In the US, cemeteries occupy about one million acres of land. Besides, each year, there are over 3,000 liters of formaldehyde buried with embalmed bodies into the ground. While over half of the people in the country choose flame cremation, this method is not better for the environment. Every year, cremations in the US release as much CO2 as 70,000 cars.
In the past few years, several funeral directors have made more investments into replacing flame cremations and traditional burials with more environment-friendly alternatives. One of the used methods is Alkaline Hydrolysis, also called water cremation.
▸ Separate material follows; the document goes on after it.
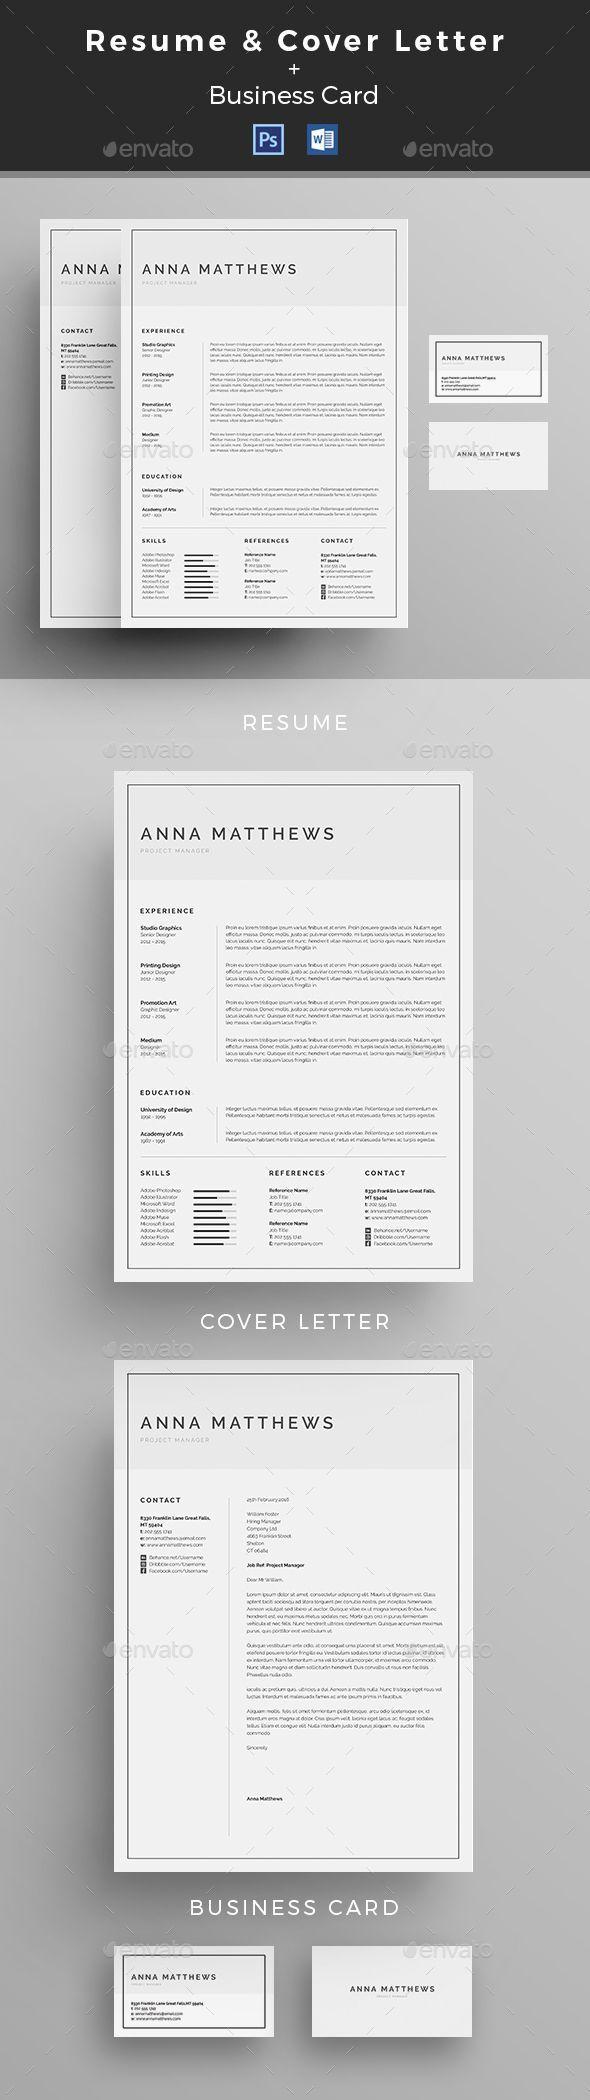 Minimal Resume | CV  — PSD Template #creative #cover letter • Download ➝ https://graphicriver.net/item/minimal-resume-cv/18118283?ref=pxcr #Coverletters

India has kept the tradition of water cremations for generations, which is applied for all Hindus except for saints, children, and babies. In this traditional funeral, after conventional steps like preparing the body and visitation before the funeral, the cremation rituals take place on the Gangers River. The boy is placed on a pyre built by the family, circled three times by the karta. The karta also sprinkles holy water on the pyre, then it's set on fire and people attending the funeral will stay at the funeral until the body is entirely burned.
However, the Alkaline Hydrolysis process is much different. The Alkaline Hydrolysis involves placing the body inside a vessel and submerging it in water, which gets heated up to around 151 degrees Celsius, using potassium hydroxide as a base. The liquid remains are disposed to the water waste system.
Funeral company owner Ed Gazvoda has spent the last ten years improving this process. He was not satisfied with just flushing the liquid remains of the body down the sewer. So he came up with version 2.0 for Alkaline Hydrolysis 2.0, the upgraded process that preserves the liquid remains. He wants to donate the remains to tree nurseries and farmers so they can use it as fertilizer.
Gazvoda said:
“The alternative is we would either waste the human just by burying them and taking up land or we'd have to have their particles go up in the air.”
“It'll be huge from the earth's standpoint, putting organic matter back into the earth. If you consider even just a few hundred million people did it. Thirty gallons. That's a lot of nutrients going back into the earth.”